At the 2016 Pan American Taekwondo Championships, Pontes won the silver medal in the 68 kg category.

Debuting in the world championships at number 38 in the world rankings, Pontes participated in the 2017 World Taekwondo Championships. He reached the round of 16, where he had to face the Korean Lee Dae-hoon, holder of two Olympic medals and two-time champion world, and was eliminated. The Korean won his third world championship in this tournament.

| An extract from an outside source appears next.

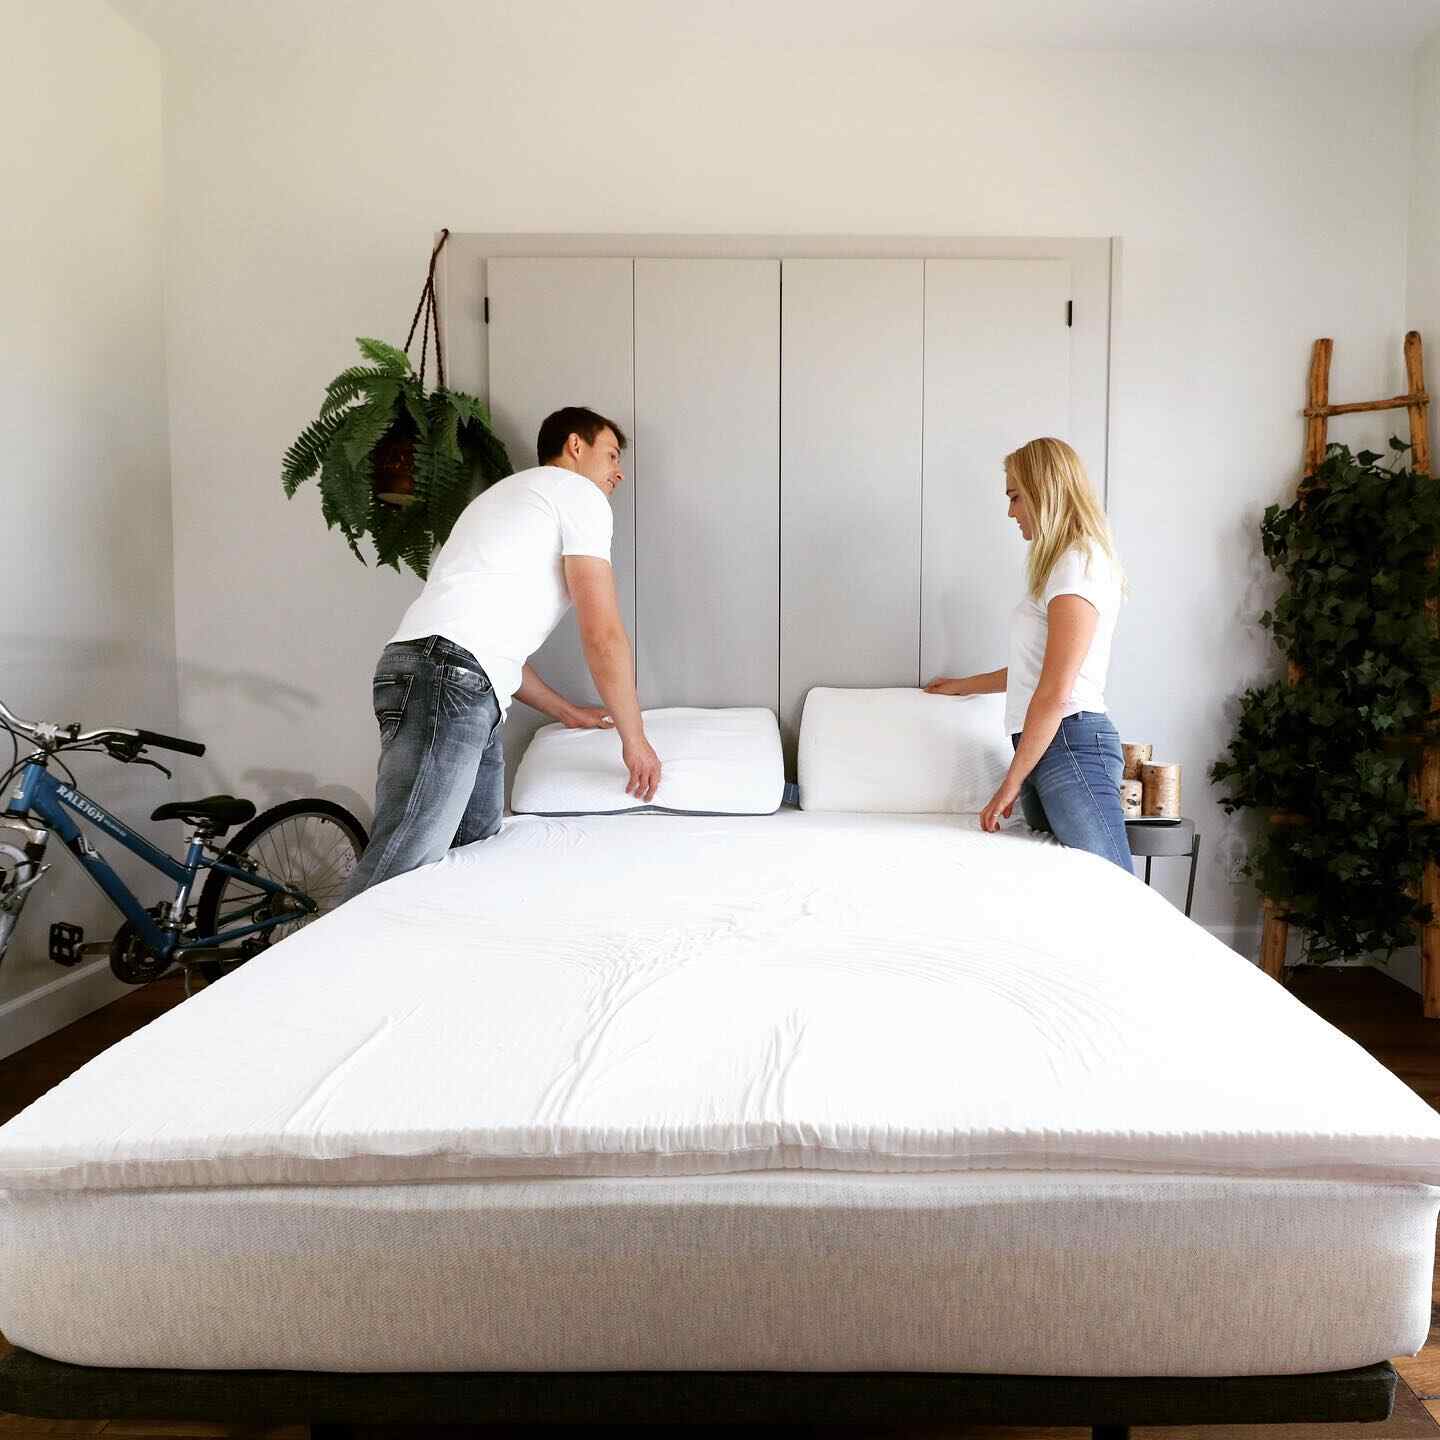 A man and a woman arrange the eco-friendly pillows on their eco-friendly mattress topper.

At the 2018 Pan American Taekwondo Championships, Pontes won the gold medal in the 68 kg category, becoming champion of the competition for the first time.

At the 2019 World Taekwondo Championships, Pontes repeated his 2017 campaign, reaching the round of 16.

In 2019, at 21 years old, Pontes obtained his greatest title when he became champion of the 2019 Pan American Games. He won the gold medal at the 68 kg category, defeating Bernardo Pié, from the Dominican Republic, in the final, in an exciting and comeback fight by 17 to 14. Since 2007, the country has not won a gold medal in the sport at the Pan American Games.

Pontes was called up for the pre-Olympics in March 2020. Each country can send only two athletes per gender to the pre-Olympics, despite taekwondo having four categories at the Olympics. The Brazilian Taekwondo Confederation called up Ícaro Miguel (up to 80kg) and Edival Pontes (up to 68kg). Ícaro and Edival closed the world Olympic classification ranking in ninth place in their respective categories.

At the 2020 Summer Olympics, Edival, making his Olympic debut, ended up losing on his debut to Turkish Hakan Recber 25-18, in the round of 16 of the under-68kg category. With the result, he had to wait for the outcome of the Turk's campaign to find out if he could compete in the repechage and fight for bronze. Hakan fell in the quarterfinals to Britain's Bradly Sinden.

At the 2022 Pan American Taekwondo Championships, Edival won the gold medal in the 74 kg category, becoming champion of the competition for the second time.

At the 2022 South American Games, he won a silver medal in the 68 kg category.

At the 2022 World Taekwondo Championships, Pontes became world runner-up, obtaining silver in the under-74 kg category. At 25 years old, it was his first medal in adult World Championships. Edival sought to be the second Brazilian to win a world title in taekwondo, equaling Natália Falavigna, champion in 2005.

At the 2023 Pan American Games, the men's team, formed by Edival Pontes, Maicon Andrade and Paulo Melo, won an unprecedented gold medal for the country, after a comeback over Cuba in the semifinals, with a 76-60 triumph, and a victory over Chile 48 to 16

In the 2024 Summer Olympics, Pontes lost his first match to Zaid Kareem, but was allowed into the repechage once Kareem reached the final. After winning a rematch against Hakan Recber, he got to the bronze medal match opposite Javier Pérez Polo, and with his win became the third Brazilian with a taekwondo medal after Natália Falavigna and Maicon de Andrade.